Skip to content

sixin-zh/mpiT

Repository files navigation

#MPI for Torch

Install MPI

MPICH: www.mpich.org, mvapich.cse.ohio-state.edu,
OPENMPI: www.open-mpi.org

You should install the MPI to MPI_PREFIX (redefine it), and make sure ${MPI_PREFIX}/bin/mpicc and ${MPI_PREFIX}/bin/mpicxx work.

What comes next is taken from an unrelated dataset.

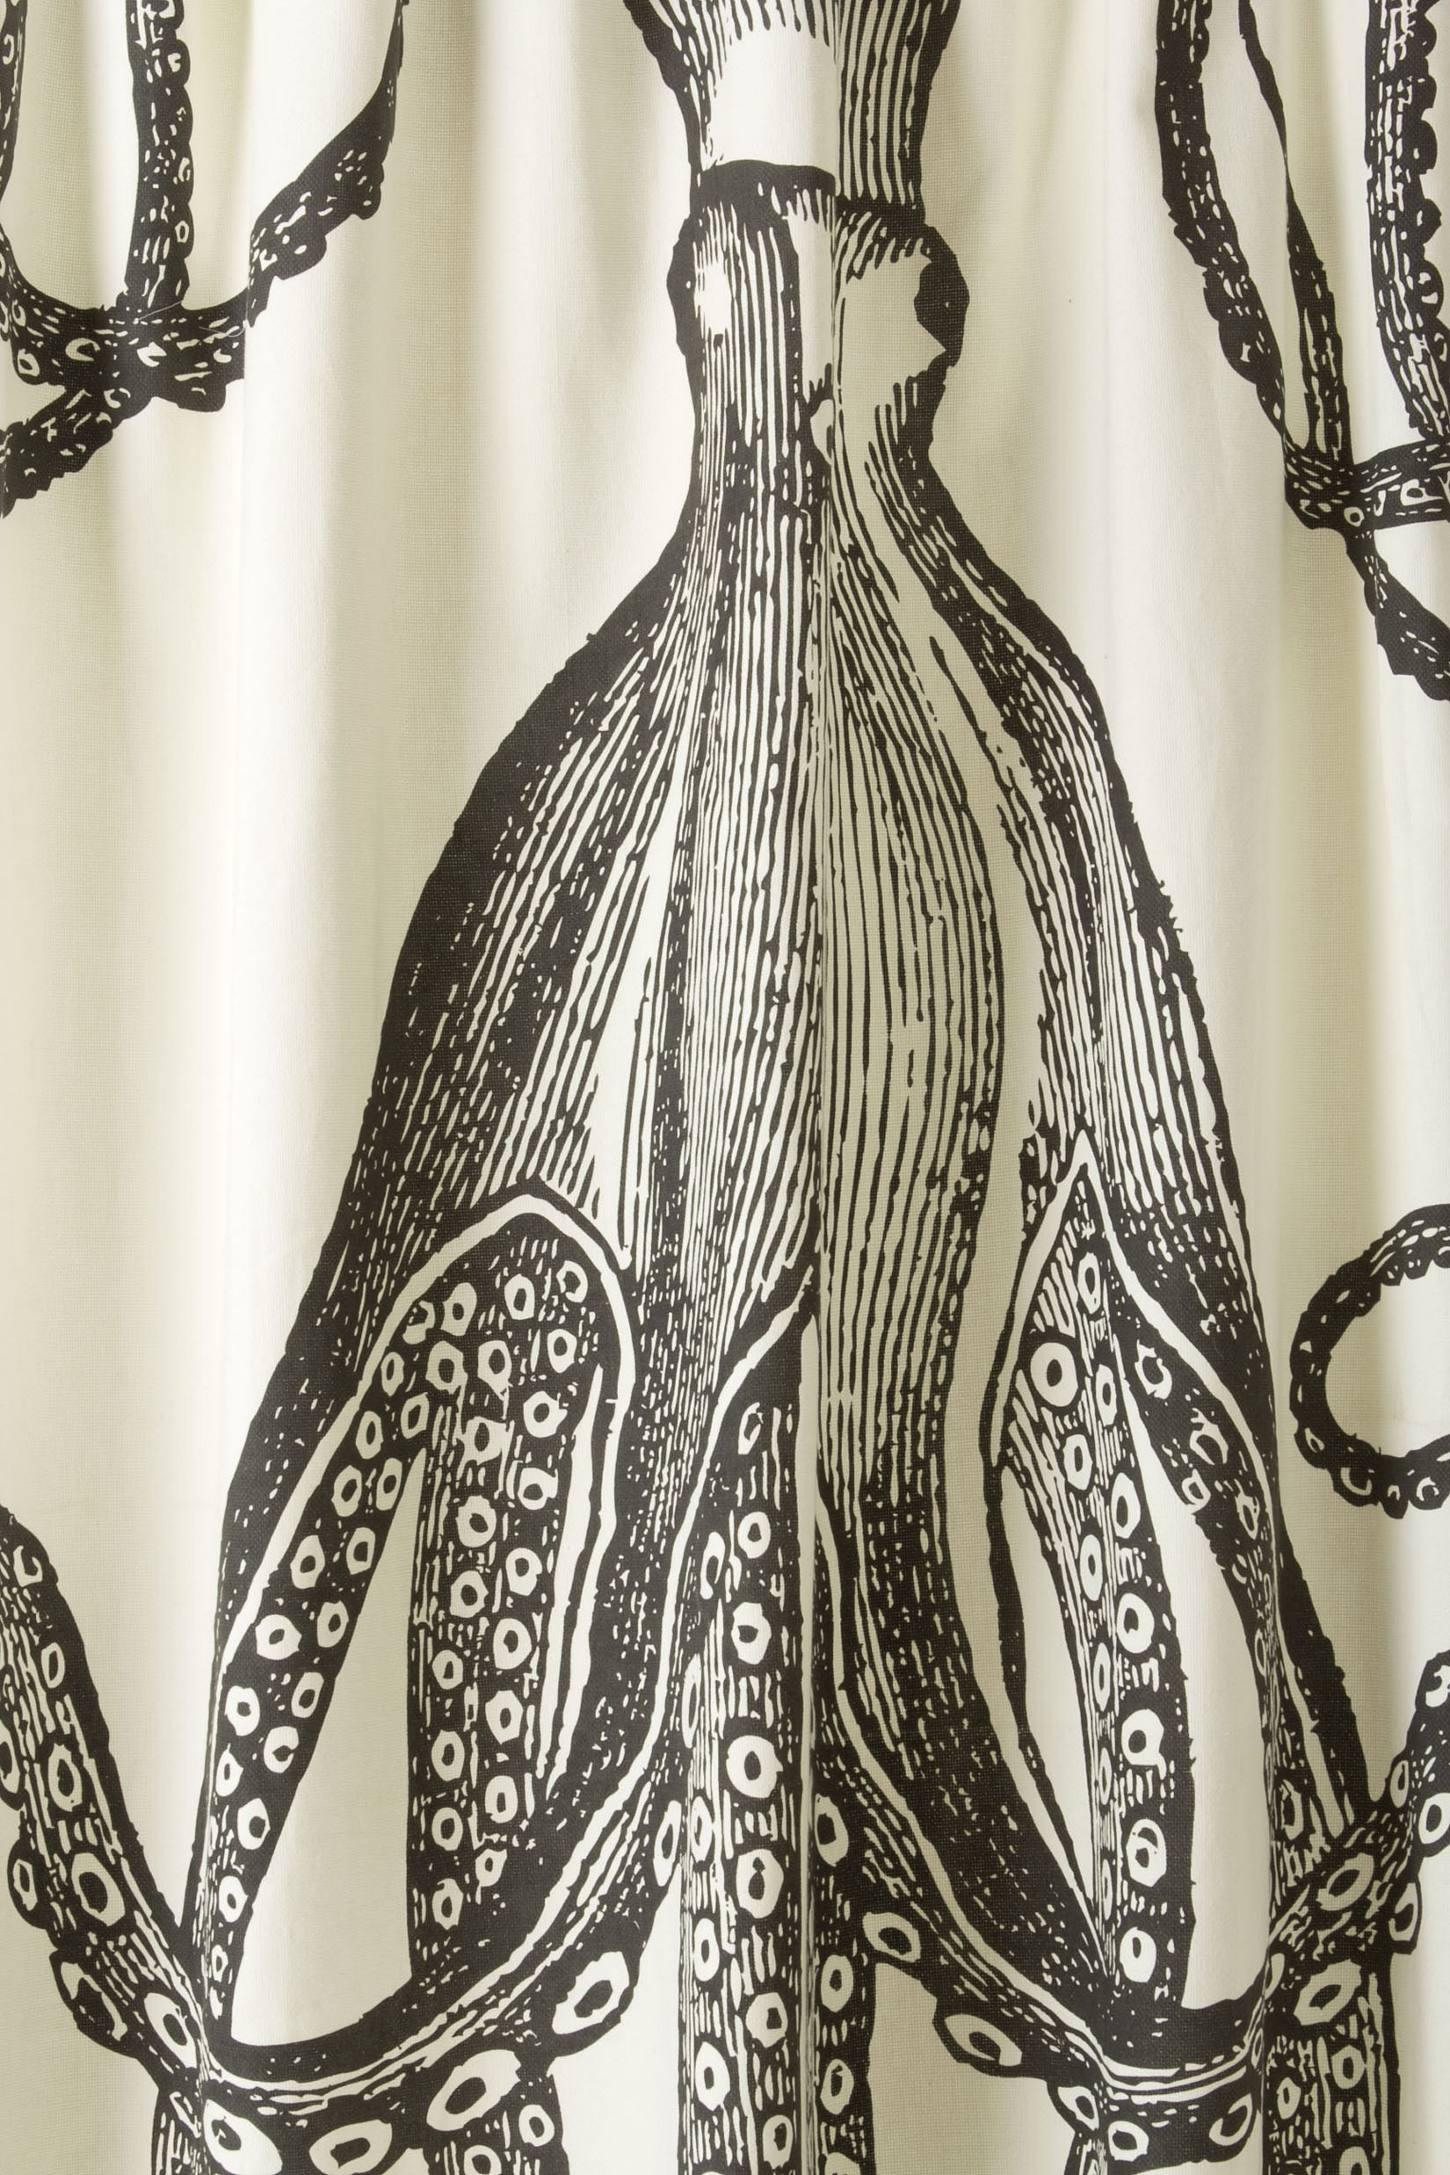 Octopus Garden Shower Curtain Anthropologie
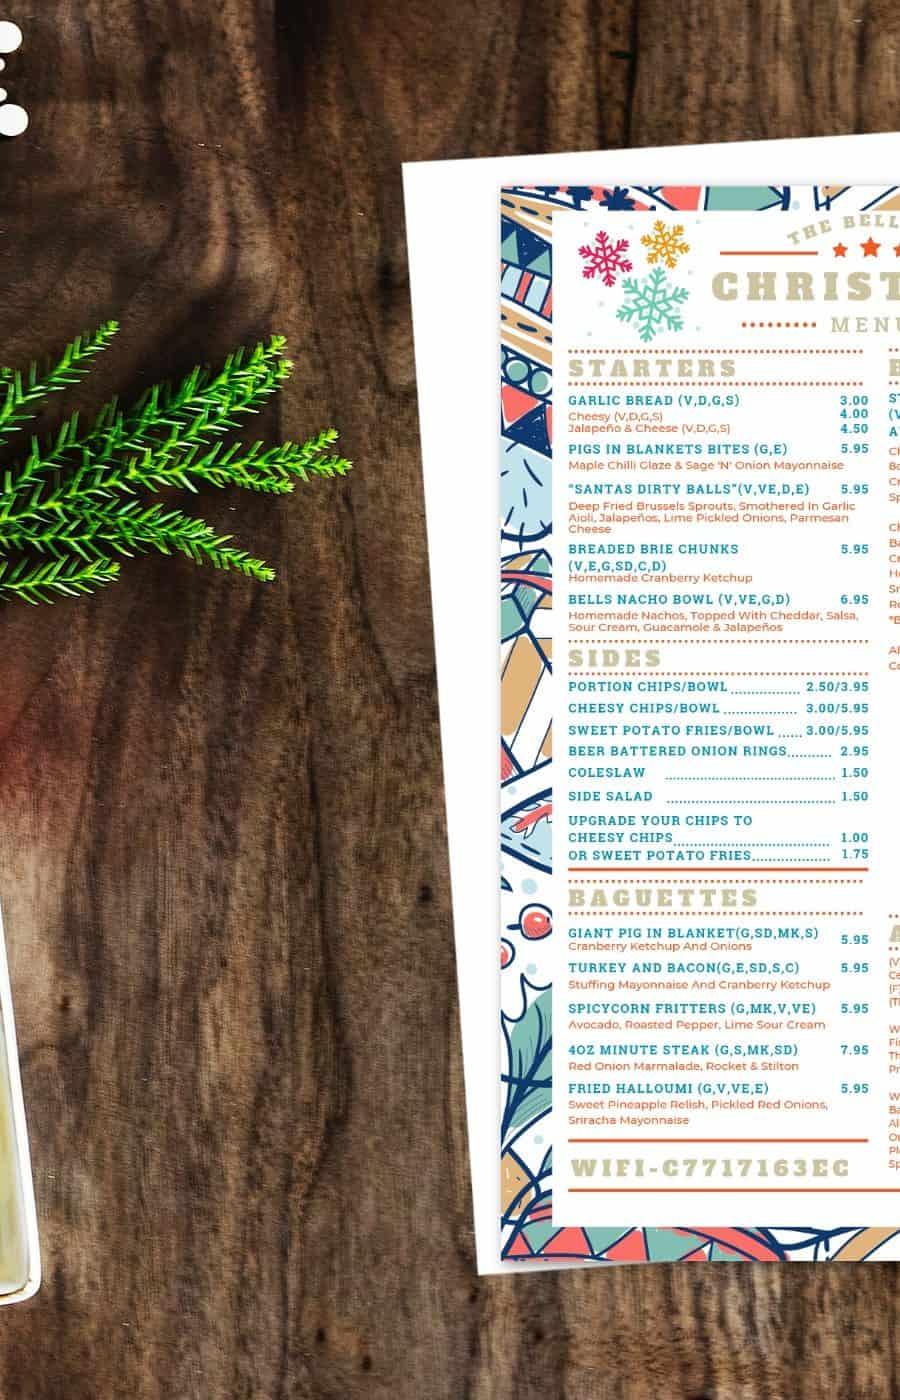 Christmas menu at The Bell

Install mpiT using luarocks

git clone https://github.com/sixin-zh/mpiT
cd mpiT

For MPICH and MVAPICH

luarocks make mpit-mvapich-1.rockspec

For OPENMPI (differ in the .so to link)

luarocks make mpit-openmpi-1.rockspec

Test mpiT

mpirun -np 2 th test.lua

Test asyncsgd

cd asyncsgd

test Torch on CPU

th claunch.lua

test Torch on GPU

th glaunch.lua

test the bandwidth

mpirun -np 4 th ptest.lua 

the parallel mnist training using downpour or easgd on 6 CPUs and 6 GPUs

mpirun -np 12 th mlaunch.lua

Important updates:

  • Set usec default to be 0 in mpiT.co_wait to improve IO throughput.
  • Correct off-by-one error in pClient_init, thanks to Zheng Xu (xuzhustc@gmail.com). See #16.
  • BiCNN is supported by Minwei Feng (mfeng@us.ibm.com).
  • The implementation of msgd, downpour, easgd and eamsgd is added.
  • The starting offset in pclient.lua is set to 1 rather than 0, for current Torch7's support.
  • Use mpiT.Cancel to release the buffer ownership on io stop in mpiT.aio_read and mpiT.aio_recv.
  • To run mpiT with cuda support, configure and install MPI with cuda support and add MPI library path to environment variable LD_LIBRARY_PATH=${MPI_PREFIX}/lib:$LD_LIBRARY_PATH

Reference

Sixin Zhang, Anna Choromanska, Yann LeCun. Deep learning with Elastic Averaging SGD. In Neural Information Processing Systems, 2015

License

Releasing under an Apache-2.0 license.